━━━ INFORMATION PROVIDED
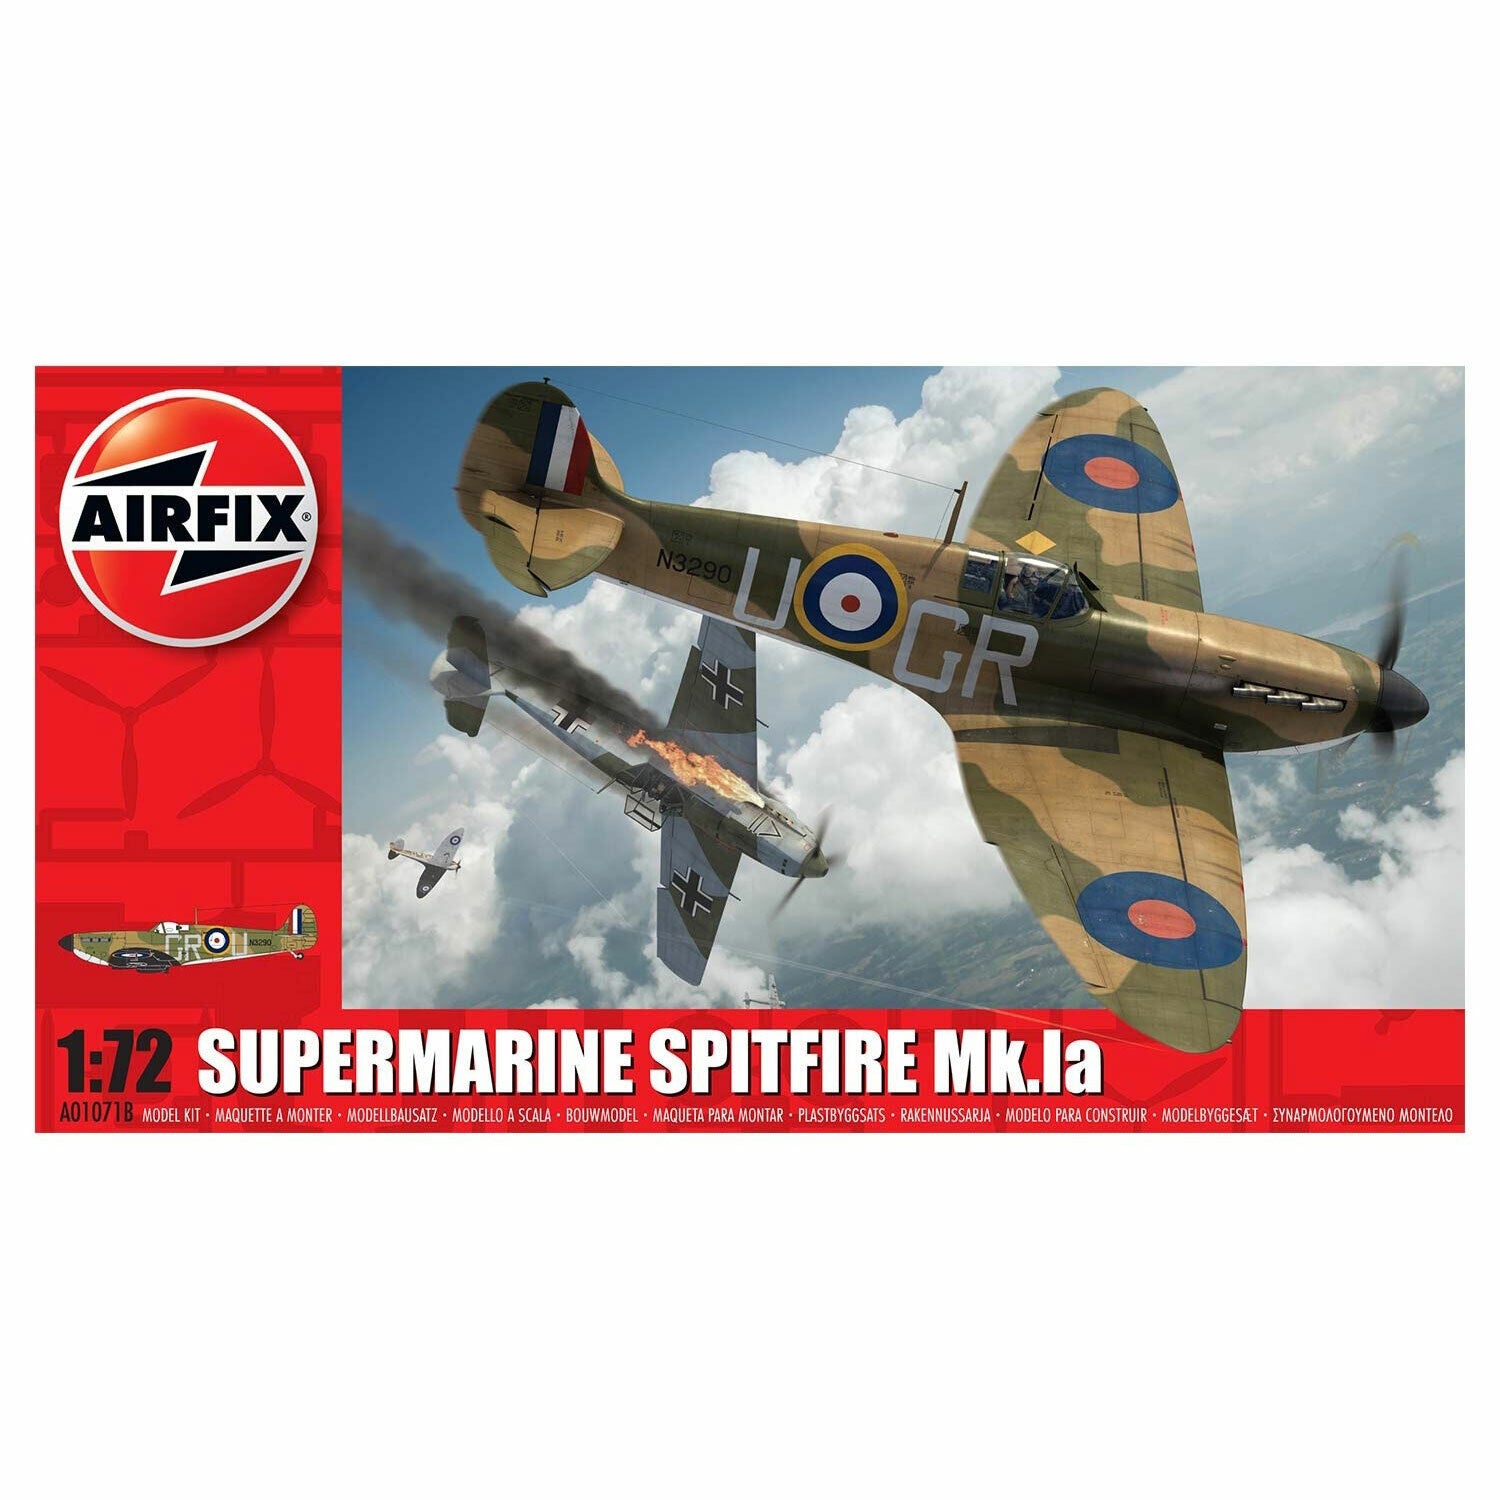 New Airfix 1:72 Scale Spitfire Mk.Ia Model Kit A01071B
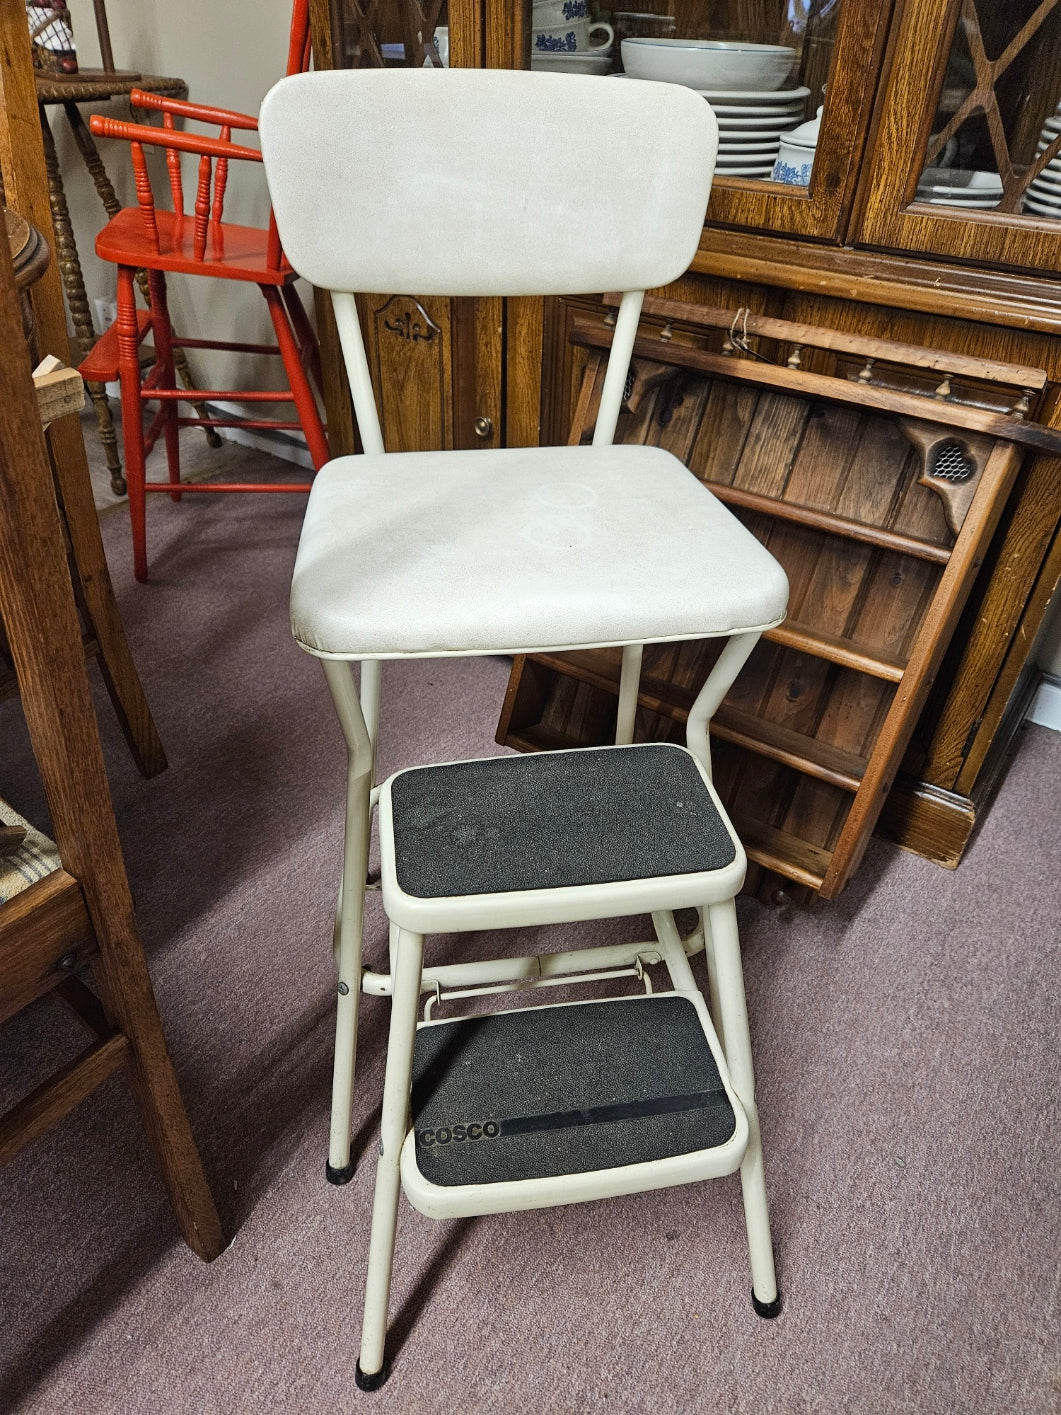 Vintage High Chair/Step Stool
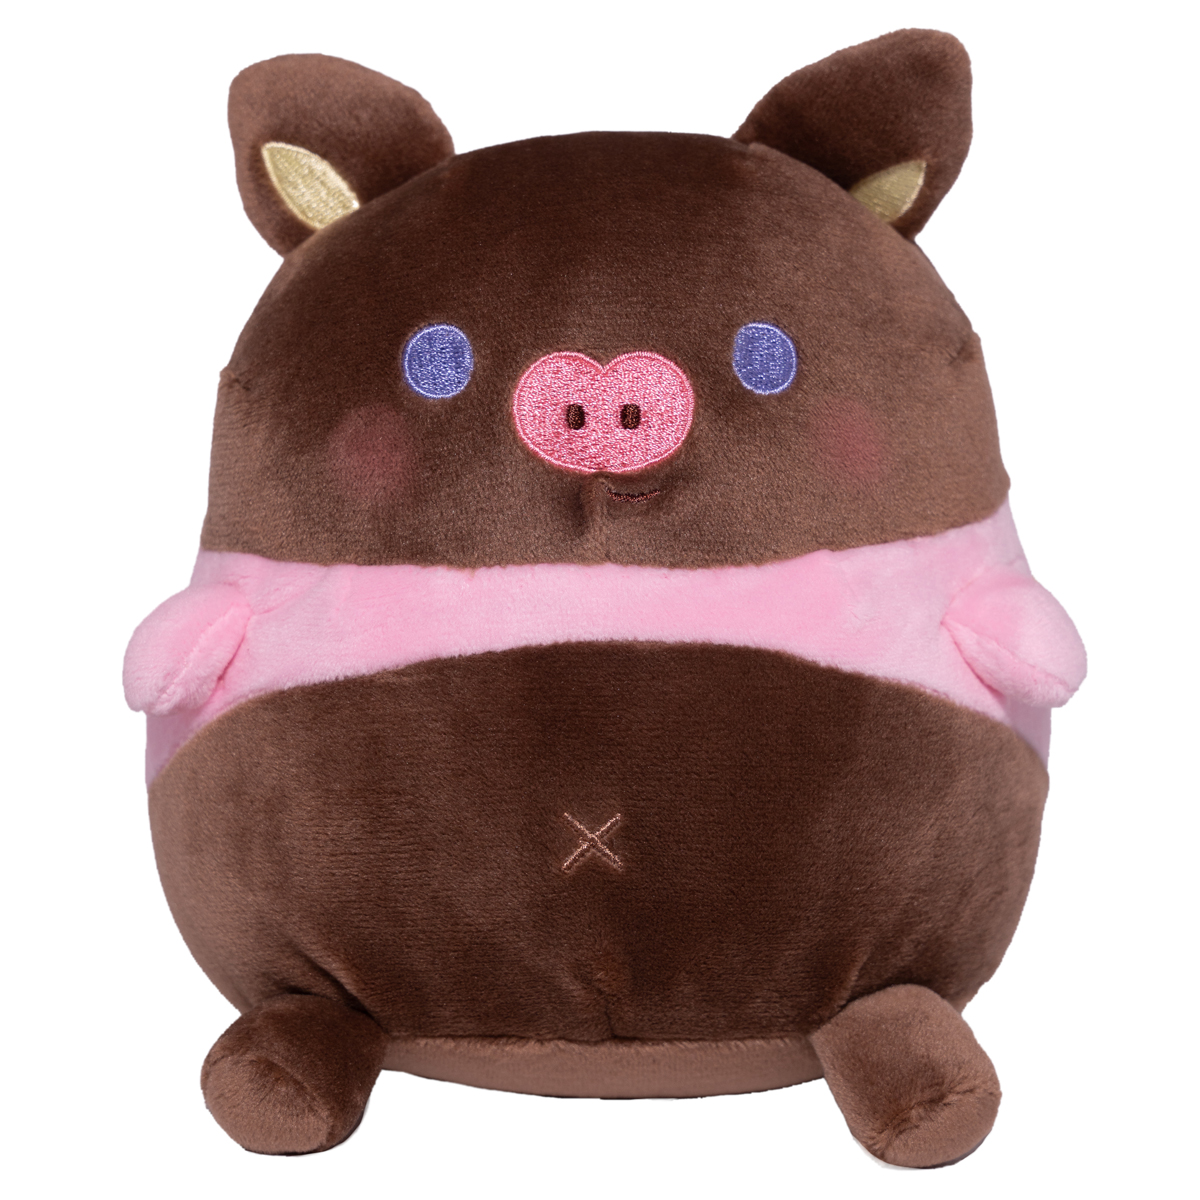 Soft & Squishy Pig Plush Doll, Brown, 6 Inches, Kawaii Plushie
━━━━━━
## WHAT YOU ARE ASKED TO DO
What this calls for is the material above set down exactly, pictures excluded.

## RESPONSE TO THE EXERCISE
 New Airfix 1:72 Scale Spitfire Mk.Ia Model Kit A01071B
 Vintage High Chair/Step Stool
 Soft & Squishy Pig Plush Doll, Brown, 6 Inches, Kawaii Plushie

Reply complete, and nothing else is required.